The citron-tree thrives in the open air in China, Persia, the West Indies, Madeira, Sicily, Corsica, and the warmer parts of Spain and Italy; and in conservatories it is often to be seen in more northerly regions. Sir Joseph Hooker (Flora of British India, i. 514) regards it as a native of the valleys at the foot of the Himalaya, and of the Khasia hills and the Western Ghauts; Dr Bonavia, however, considers it to have originated in Cochin China or China, and to have been introduced into India, whence it spread to Media and Persia.

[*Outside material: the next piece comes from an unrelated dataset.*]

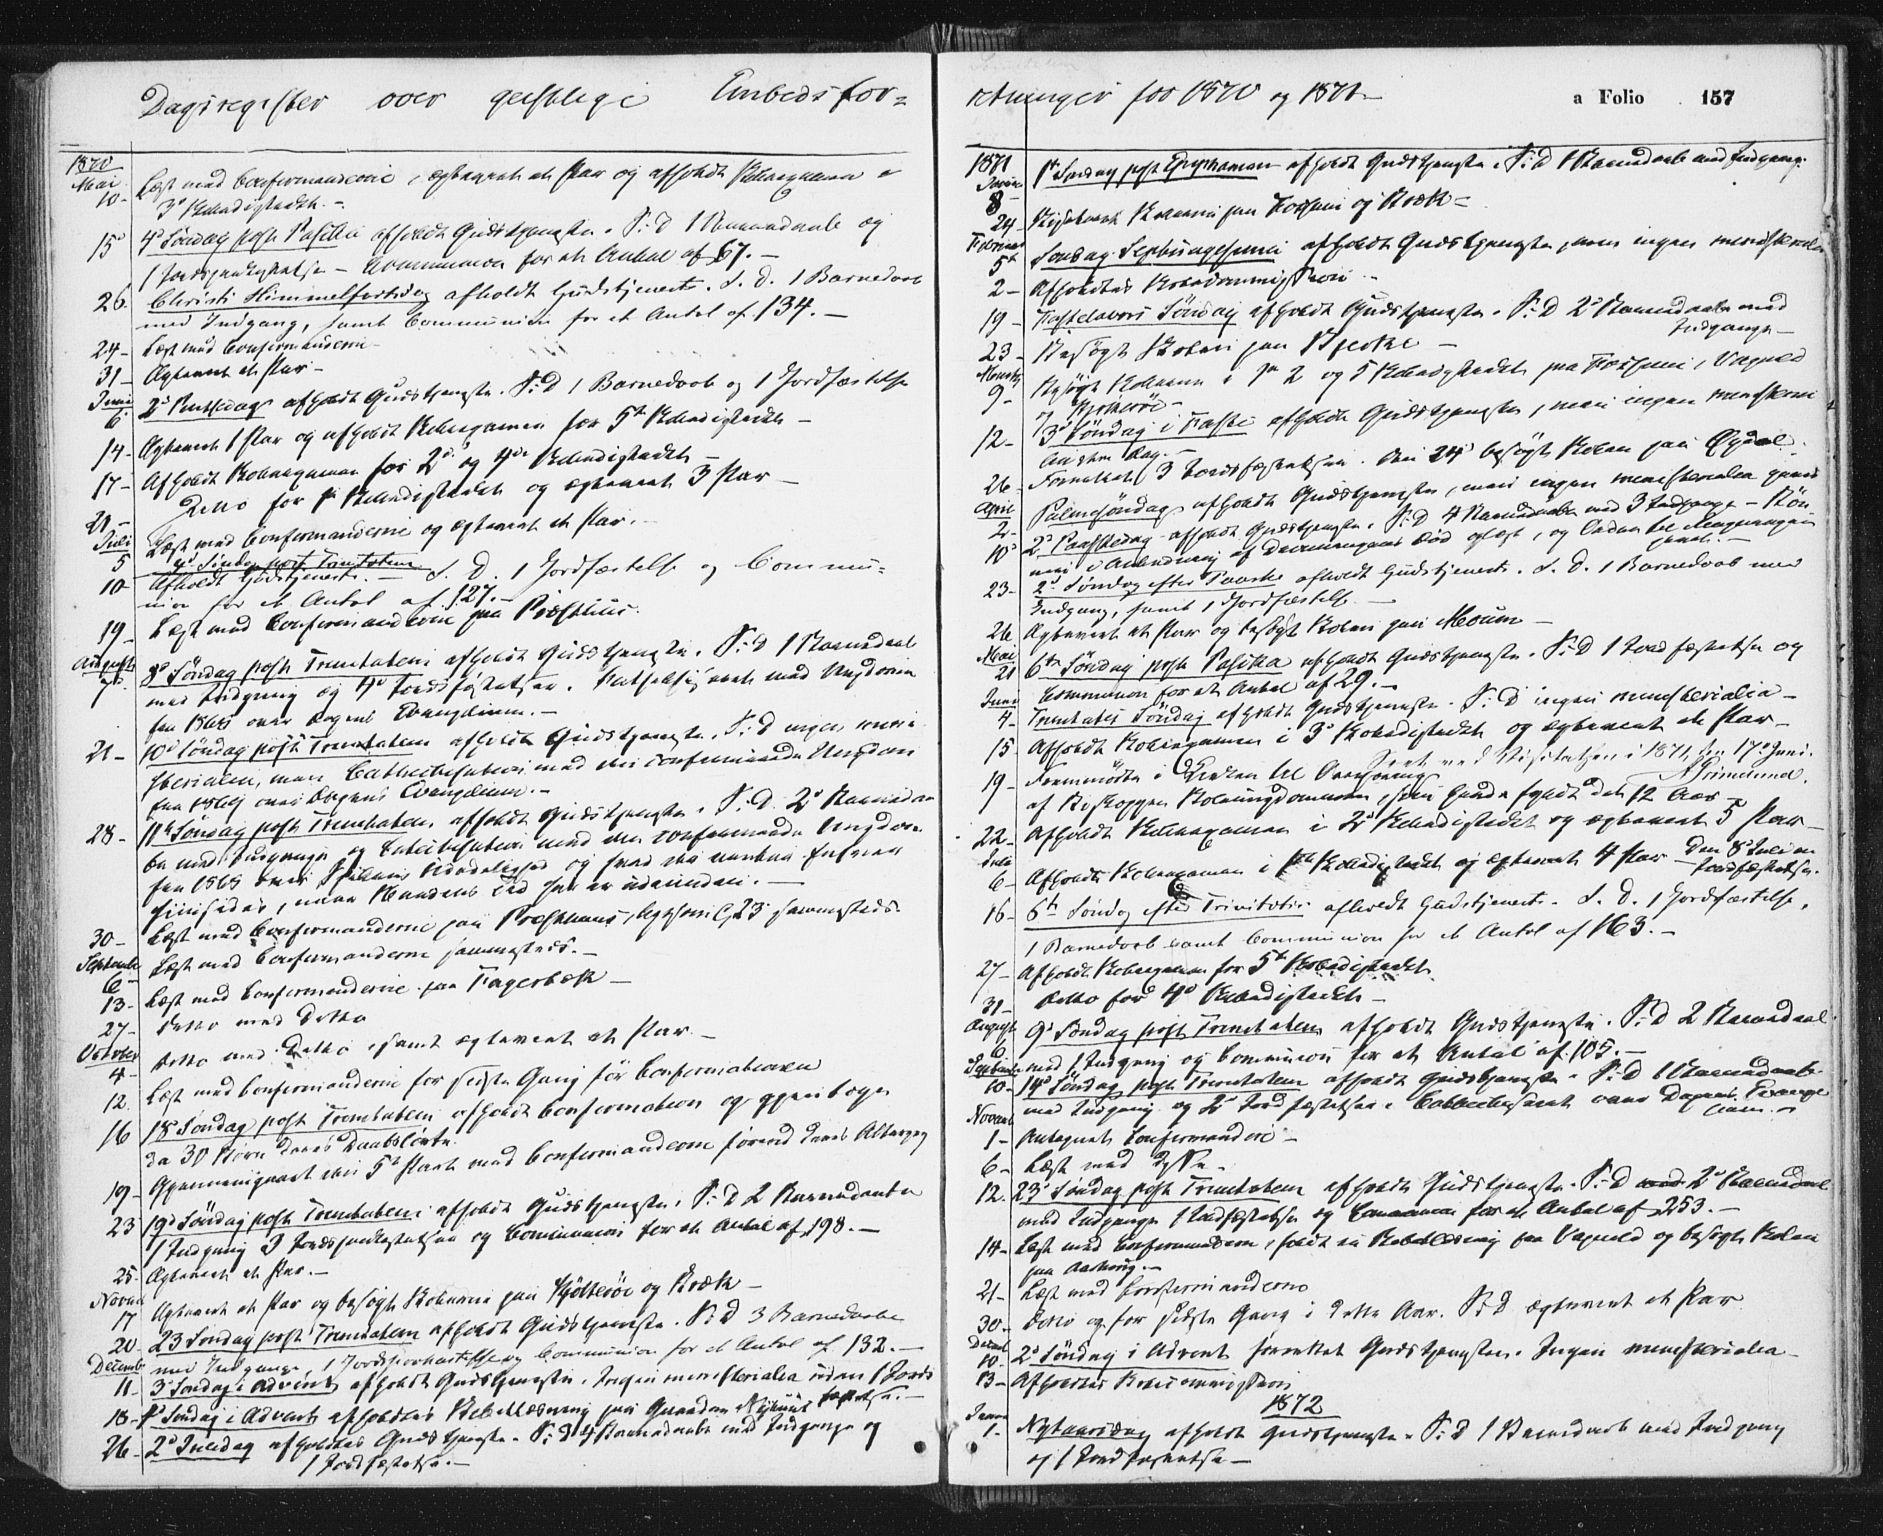 SAT, Ministerialprotokoller, klokkerbøker og fødselsregistre - Sør-Trøndelag, 689/L1039: Parish register (official) no. 689A04, 1865-1878, p. 157

It was described by Theophrastus as growing in Media, three centuries before Christ, and was early known to the ancients, and the fruit was held in great esteem by them; but they seem to have been acquainted with no other member of the Aurantieae, the introduction of oranges and lemons into the countries of the Mediterranean being due to the Arabs, between the 10th and 15th centuries. Josephus tells us that “the law of the Jews required that at the feast of tabernacles every one should have branches of palm-tree and citron-tree” (Antiq. xiii. 13. 5); and the Hebrew word tappuach, rendered “apples” and “apple-tree” in Cant. ii. 3, 5, Prov. xxv. 11, &c., probably signifies the citron-tree and its fruit. Oribasius in the 4th century describes the fruit, accurately distinguishing the three parts of it. About the 3rd century the tree was introduced into Italy; and, as Gallesio informs us, it was much grown at Salerno in the 11th century. In China citrons are placed in apartments to make them fragrant. The rind of the citron yields two perfumes, oil of cedra and oil of citron, isomeric with oil of turpentine; and when candied it is much esteemed as a dessert and in confectionery. The lemon (q.v.) is now generally regarded as a subspecies Limonum of Citrus medica.

Oribasii Sardiani, Collectorum Medicinalium Libri XVII. i. 64 (De citrio); Gallesio, Traité du citrus (1811); Darwin, Animals and Plants under Domestication, i. 334-336 (1868); Brandis, Forest Flora of North-West and Central India, p. 51 (1874); E. Bonavia, The Cultivated Oranges and Lemons, &c., of India and Ceylon (1890).